▸ **ABOUT THIS TASK**: The whole listing, apart from its images, should be restated word for word.

▸ **COLLECTED DATA**:
::::

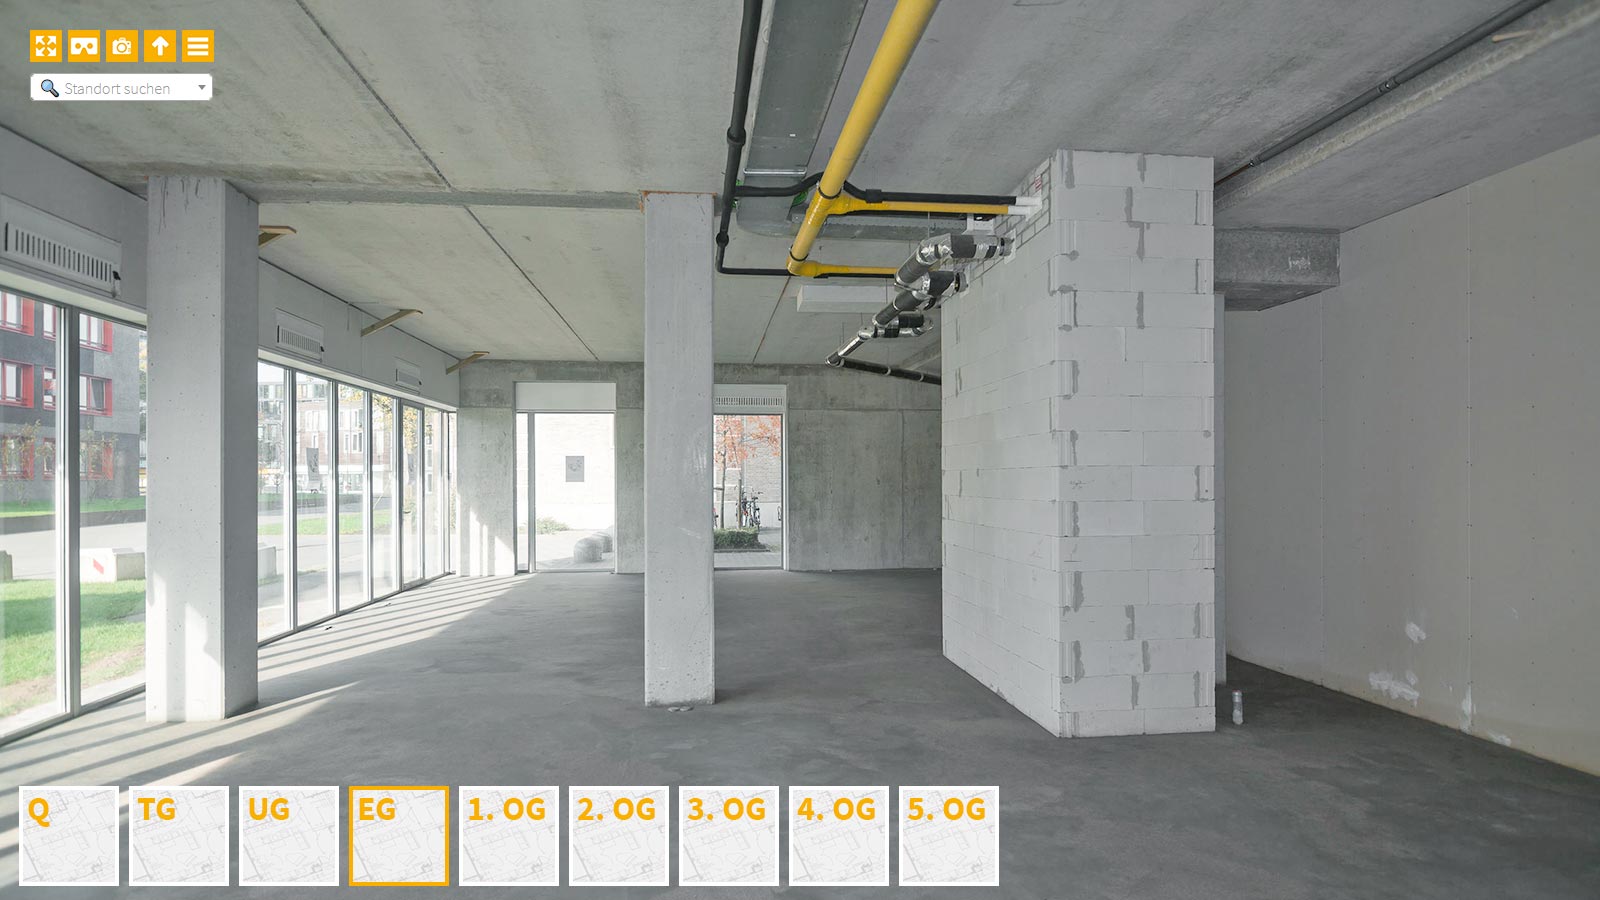 Baudokumentation 360 Grad bei gestörten Projekten in 


	


	


	


	


	


	


	


	


	


	Chemnitz









, Bilddokumentation als virtueller Rundgang

::::

▸ **ANSWER BELOW**:
 Baudokumentation 360 Grad bei gestörten Projekten in 


	


	


	


	


	


	


	


	


	


	Chemnitz









, Bilddokumentation als virtueller Rundgang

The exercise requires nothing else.